** Entries supplied follows **

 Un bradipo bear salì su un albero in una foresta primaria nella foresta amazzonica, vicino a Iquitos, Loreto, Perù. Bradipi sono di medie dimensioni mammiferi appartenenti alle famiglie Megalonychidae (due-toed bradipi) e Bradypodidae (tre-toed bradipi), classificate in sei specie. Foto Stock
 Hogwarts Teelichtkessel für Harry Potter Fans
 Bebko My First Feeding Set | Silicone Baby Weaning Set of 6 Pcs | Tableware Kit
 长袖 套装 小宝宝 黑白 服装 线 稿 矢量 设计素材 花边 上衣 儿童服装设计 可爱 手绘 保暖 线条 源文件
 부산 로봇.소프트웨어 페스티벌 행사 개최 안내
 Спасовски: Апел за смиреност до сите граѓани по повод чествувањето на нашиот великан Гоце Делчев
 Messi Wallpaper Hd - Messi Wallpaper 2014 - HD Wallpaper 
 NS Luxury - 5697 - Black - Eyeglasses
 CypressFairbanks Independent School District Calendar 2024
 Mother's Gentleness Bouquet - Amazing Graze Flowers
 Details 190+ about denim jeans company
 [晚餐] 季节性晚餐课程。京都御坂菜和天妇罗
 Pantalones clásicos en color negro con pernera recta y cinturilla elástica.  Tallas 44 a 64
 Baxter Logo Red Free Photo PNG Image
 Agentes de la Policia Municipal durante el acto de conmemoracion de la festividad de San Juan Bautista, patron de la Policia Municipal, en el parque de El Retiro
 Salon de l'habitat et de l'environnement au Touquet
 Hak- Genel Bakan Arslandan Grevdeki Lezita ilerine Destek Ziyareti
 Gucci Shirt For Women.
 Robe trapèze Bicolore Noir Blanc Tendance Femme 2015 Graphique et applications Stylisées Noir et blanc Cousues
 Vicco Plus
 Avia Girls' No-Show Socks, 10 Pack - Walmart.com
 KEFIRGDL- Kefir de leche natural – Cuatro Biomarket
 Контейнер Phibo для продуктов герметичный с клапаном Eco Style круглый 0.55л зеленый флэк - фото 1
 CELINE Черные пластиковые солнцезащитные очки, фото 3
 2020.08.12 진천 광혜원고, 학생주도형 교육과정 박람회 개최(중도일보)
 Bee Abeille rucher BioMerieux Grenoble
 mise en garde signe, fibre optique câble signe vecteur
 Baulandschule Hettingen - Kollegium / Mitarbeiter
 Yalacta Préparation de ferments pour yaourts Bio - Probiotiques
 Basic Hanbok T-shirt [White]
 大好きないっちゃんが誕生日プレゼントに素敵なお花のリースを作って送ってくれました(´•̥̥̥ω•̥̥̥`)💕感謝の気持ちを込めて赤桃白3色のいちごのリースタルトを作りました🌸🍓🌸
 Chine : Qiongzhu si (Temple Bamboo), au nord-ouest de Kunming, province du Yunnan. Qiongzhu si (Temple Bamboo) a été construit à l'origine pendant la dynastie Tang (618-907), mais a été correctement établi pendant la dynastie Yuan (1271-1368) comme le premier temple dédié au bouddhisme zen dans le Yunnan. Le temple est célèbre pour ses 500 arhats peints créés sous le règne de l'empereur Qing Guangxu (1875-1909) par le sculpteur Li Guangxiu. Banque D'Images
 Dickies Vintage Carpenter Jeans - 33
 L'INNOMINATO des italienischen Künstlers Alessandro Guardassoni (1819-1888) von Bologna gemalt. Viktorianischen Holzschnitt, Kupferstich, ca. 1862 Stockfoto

** End of Entries supplied **

• [What you need to do]
Run a filter over the data above and keep each line that contains the word "фото".

• [Written response]
 Контейнер Phibo для продуктов герметичный с клапаном Eco Style круглый 0.55л зеленый флэк - фото 1
 CELINE Черные пластиковые солнцезащитные очки, фото 3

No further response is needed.